• TASK PROMPT
Copy word for word, please, the lines of the entries below running from the one containing "Cover of Original" to the one containing "Piggy bank full", both ends included.

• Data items

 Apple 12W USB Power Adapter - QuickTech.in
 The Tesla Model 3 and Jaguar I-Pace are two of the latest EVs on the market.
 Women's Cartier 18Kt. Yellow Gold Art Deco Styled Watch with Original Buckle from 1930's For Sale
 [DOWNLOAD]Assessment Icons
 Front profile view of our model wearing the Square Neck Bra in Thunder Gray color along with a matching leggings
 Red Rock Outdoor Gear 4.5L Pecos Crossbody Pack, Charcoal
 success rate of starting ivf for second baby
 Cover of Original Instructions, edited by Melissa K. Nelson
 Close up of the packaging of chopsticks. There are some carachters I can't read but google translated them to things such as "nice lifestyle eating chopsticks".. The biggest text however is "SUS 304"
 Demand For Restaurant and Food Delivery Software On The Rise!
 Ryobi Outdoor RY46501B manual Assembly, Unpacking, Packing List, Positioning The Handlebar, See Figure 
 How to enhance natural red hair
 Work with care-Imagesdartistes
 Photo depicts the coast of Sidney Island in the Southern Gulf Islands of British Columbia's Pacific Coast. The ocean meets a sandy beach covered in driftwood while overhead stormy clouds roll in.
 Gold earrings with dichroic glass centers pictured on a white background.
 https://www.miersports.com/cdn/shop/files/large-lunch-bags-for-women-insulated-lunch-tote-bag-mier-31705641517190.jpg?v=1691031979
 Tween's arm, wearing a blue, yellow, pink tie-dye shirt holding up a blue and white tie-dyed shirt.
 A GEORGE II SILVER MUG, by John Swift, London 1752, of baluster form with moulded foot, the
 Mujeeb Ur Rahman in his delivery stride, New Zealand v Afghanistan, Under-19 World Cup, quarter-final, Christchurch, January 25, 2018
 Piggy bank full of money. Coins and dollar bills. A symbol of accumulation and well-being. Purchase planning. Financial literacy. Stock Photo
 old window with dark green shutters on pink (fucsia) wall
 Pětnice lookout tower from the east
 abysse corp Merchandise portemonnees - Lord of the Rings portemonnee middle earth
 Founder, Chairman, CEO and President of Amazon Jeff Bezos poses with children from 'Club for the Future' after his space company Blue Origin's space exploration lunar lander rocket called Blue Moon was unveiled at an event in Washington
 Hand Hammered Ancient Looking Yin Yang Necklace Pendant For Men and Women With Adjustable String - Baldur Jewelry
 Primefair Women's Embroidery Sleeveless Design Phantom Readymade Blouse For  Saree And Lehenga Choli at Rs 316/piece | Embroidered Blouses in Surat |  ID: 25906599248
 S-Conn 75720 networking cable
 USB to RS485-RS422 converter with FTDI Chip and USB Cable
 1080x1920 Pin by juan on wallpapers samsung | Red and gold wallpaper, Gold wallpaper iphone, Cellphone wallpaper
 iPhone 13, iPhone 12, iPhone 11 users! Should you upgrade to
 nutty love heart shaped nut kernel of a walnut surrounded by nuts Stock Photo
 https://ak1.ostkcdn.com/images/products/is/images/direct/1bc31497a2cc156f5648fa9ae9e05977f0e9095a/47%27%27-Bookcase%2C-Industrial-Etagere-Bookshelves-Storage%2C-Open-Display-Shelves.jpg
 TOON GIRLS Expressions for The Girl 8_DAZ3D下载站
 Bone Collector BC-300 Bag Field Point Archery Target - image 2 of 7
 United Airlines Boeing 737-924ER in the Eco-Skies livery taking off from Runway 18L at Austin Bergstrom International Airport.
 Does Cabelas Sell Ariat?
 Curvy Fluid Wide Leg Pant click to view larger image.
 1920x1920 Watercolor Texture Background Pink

• FINISHED EXERCISE
 Cover of Original Instructions, edited by Melissa K. Nelson
 Close up of the packaging of chopsticks. There are some carachters I can't read but google translated them to things such as "nice lifestyle eating chopsticks".. The biggest text however is "SUS 304"
 Demand For Restaurant and Food Delivery Software On The Rise!
 Ryobi Outdoor RY46501B manual Assembly, Unpacking, Packing List, Positioning The Handlebar, See Figure 
 How to enhance natural red hair
 Work with care-Imagesdartistes
 Photo depicts the coast of Sidney Island in the Southern Gulf Islands of British Columbia's Pacific Coast. The ocean meets a sandy beach covered in driftwood while overhead stormy clouds roll in.
 Gold earrings with dichroic glass centers pictured on a white background.
 https://www.miersports.com/cdn/shop/files/large-lunch-bags-for-women-insulated-lunch-tote-bag-mier-31705641517190.jpg?v=1691031979
 Tween's arm, wearing a blue, yellow, pink tie-dye shirt holding up a blue and white tie-dyed shirt.
 A GEORGE II SILVER MUG, by John Swift, London 1752, of baluster form with moulded foot, the
 Mujeeb Ur Rahman in his delivery stride, New Zealand v Afghanistan, Under-19 World Cup, quarter-final, Christchurch, January 25, 2018
 Piggy bank full of money. Coins and dollar bills. A symbol of accumulation and well-being. Purchase planning. Financial literacy. Stock Photo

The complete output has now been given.